异基因造血干细胞移植(allo-HSCT)是多种血液系统疾病的治愈性选择。然而,急性移植物抗宿主病(aGVHD)仍然是移植后非复发死亡的主要原因。胃肠道(GI)是aGVHD中受影响最严重且预后最差的靶器官,其驱动因素包括供体T细胞介导的上皮损伤、微生物失调驱动的免疫放大以及屏障破坏的自我维持循环。近年来的多组学研究已确定关键致病机制,包括微生物驱动的MHC-II(主要组织相容性复合体II类)表达和微生物代谢物的免疫调节。使用Mount Sinai急性GVHD国际联盟(MAGIC)算法的生物标志物驱动的风险分层已将管理转向精准医学,而靶向药物如ruxolitinib、vedolizumab以及微生物导向的干预正在重塑治疗策略。新型干预模式,包括粪菌移植(FMT)、重组Lipocalin-2(LCN2)和特定胆汁酸,已开辟了将微生物导向方法与免疫调节相结合的创新途径,用于预防和治疗胃肠道急性移植物抗宿主病(GI-aGVHD)。本综述系统阐述了GI-aGVHD在发病机制、风险分层和治疗策略方面的最新进展,并展望了以个性化微生物-免疫干预为中心的精准医学的未来方向。
1 引言
异基因造血干细胞移植(allo-HSCT)是多种血液系统疾病的治愈性选择。然而,急性移植物抗宿主病(aGVHD)仍是移植后非复发死亡的主要挑战,其中胃肠道(GI)是最严重受累且预后最差的靶器官,具有最高非复发死亡率。经典三阶段模型已因肠道微环境的核心调控作用而显著扩展:微生物多样性降低、特定共生菌(如Blautia spp.)减少及机会致病菌(如粪肠球菌)扩增与aGVHD发生和严重程度相关。菌群失调与上皮损伤形成恶性循环,屏障破坏促进细菌产物易位,激活免疫反应;活化T细胞分泌IFN-γ等炎性细胞因子直接损伤上皮,改变管腔氧化还原环境,抑制专性厌氧菌生长。因此,恢复菌群平衡和加强上皮屏障功能成为打断此循环的关键策略。

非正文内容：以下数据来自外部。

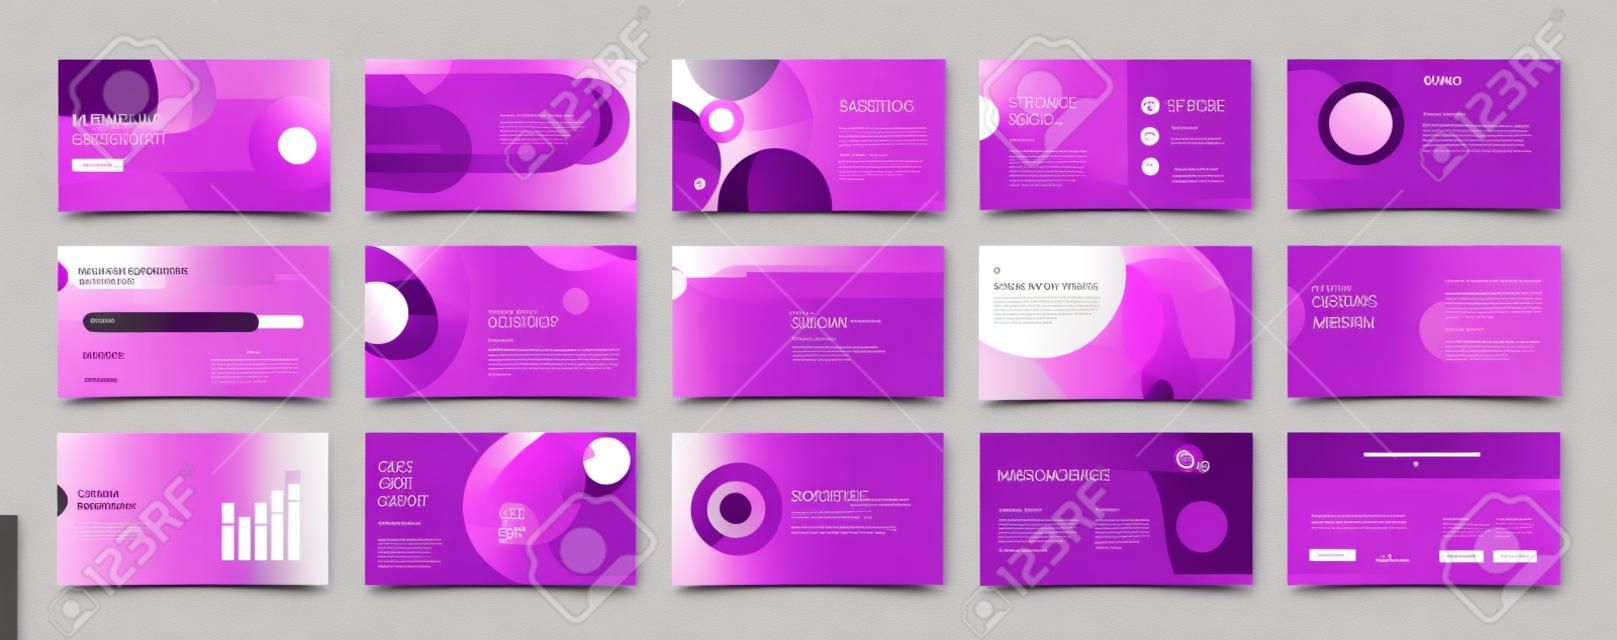 Geometryczne fioletowe szablony elementów prezentacji. infografiki wektorowe. do użytku w prezentacji, ulotce i ulotce, seo, marketingu, szablonie strony docelowej webinaru, projektowaniu stron internetowych, banerze.
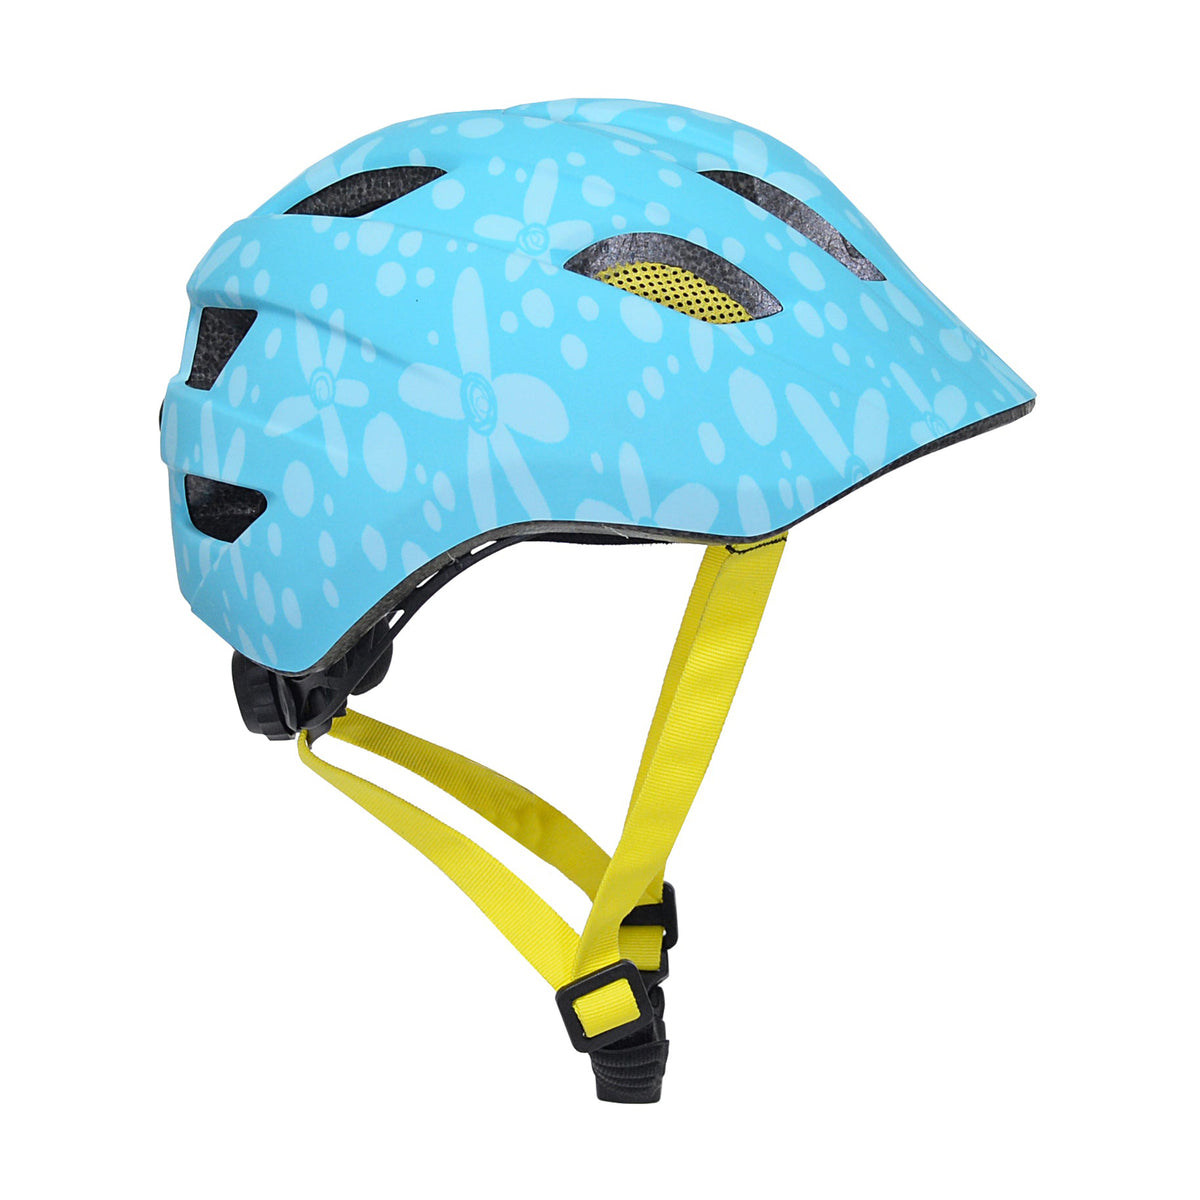 Kent Flower Toddler Multi-Sport Helmet | Helmet for Kids Ages 1-3

近年来,高通量多组学和空间转录组学技术揭示了GI-aGVHD的细胞和分子景观,鉴定出Lipocalin-2(LCN2)+调节性中性粒细胞和2型固有淋巴样细胞(ILC2)等新调控细胞亚群,阐明了短链脂肪酸(SCFA)和次级胆汁酸等微生物代谢物调节宿主免疫的分子机制。临床转化方面,基于Mount Sinai急性aGVHD国际联盟(MAGIC)生物标志物框架的综合风险评分显著改善了非复发死亡(NRM)预测,并识别出可能受益于降强度免疫抑制策略的低风险患者队列。同时,治疗策略正从皮质类固醇独大时代转向多样化、精准靶向干预,如ruxolitinib、vedolizumab和粪菌移植(FMT)等新兴疗法正在重塑治疗格局。本综述聚焦微生物-免疫轴和生物标志物驱动的精准医学,总结GI-aGVHD发病机制、风险分层和治疗的最新进展。

2 GI-aGVHD发病机制的新视角
2.1 重新审视经典三阶段模型
经典三阶段模型包括:阶段I为预处理诱导的组织损伤和炎性细胞因子风暴,导致宿主抗原呈递细胞(APC)激活;阶段II为供体T细胞识别宿主同种抗原后的激活与增殖;阶段III为效应T细胞及其分泌的炎性细胞因子对靶器官的攻击。近期研究在每个阶段揭示了新内涵。首先,预处理诱导的组织损伤不仅是被动事件,清髓性预处理导致肠上皮损伤释放损伤相关分子模式(DAMP)和病原相关分子模式(PAMP),同时广谱抗生素驱动的菌群失调选择性靶向潘氏细胞和杯状细胞,导致抗菌肽分泌减少和黏液屏障破坏。这些DAMP和PAMP通过NLRP3炎症小体激活促进IL-1β等炎性因子产生,为后续供体T细胞激活建立炎性微环境。其次,供体T细胞激活并非完全依赖宿主APC,供体来源的树突状细胞(cDC)亚群(如XCR1+和CD11b+ cDC)是GI-aGVHD的关键放大器,分别驱动Th1和Th17极化。此激活级联由穿过受损上皮的细菌产物(如脂多糖LPS)进一步增强,触发以IFN-γ和TNF-α为主的Th1/Tc1细胞因子风暴,导致肠隐窝基底细胞凋亡和广泛黏膜脱落。最后,效应T细胞对靶器官的攻击并非单向,T细胞分泌的IFN-γ和TNF-α不仅直接诱导肠上皮细胞凋亡,还通过抑制线粒体氧化磷酸化提升管腔氧张力,破坏专性厌氧菌生态位,加剧菌群失调,形成致病性正反馈回路。

2.2 肠道微生物:从旁观者到主动驱动者
肠道微生物在aGVHD中的作用已从相关性研究进展至因果机制验证。预处理方案、广谱抗生素和饮食改变可诱导菌群失调,表现为微生物多样性丧失、有益厌氧共生菌(如Blautia spp.、粪杆菌属)减少和潜在致病菌(如肠球菌属、阿克曼菌)过度生长。临床研究证实,中性粒细胞植入期间较高的微生物多样性与较低的移植后死亡率相关,是独立的保护性预后因素。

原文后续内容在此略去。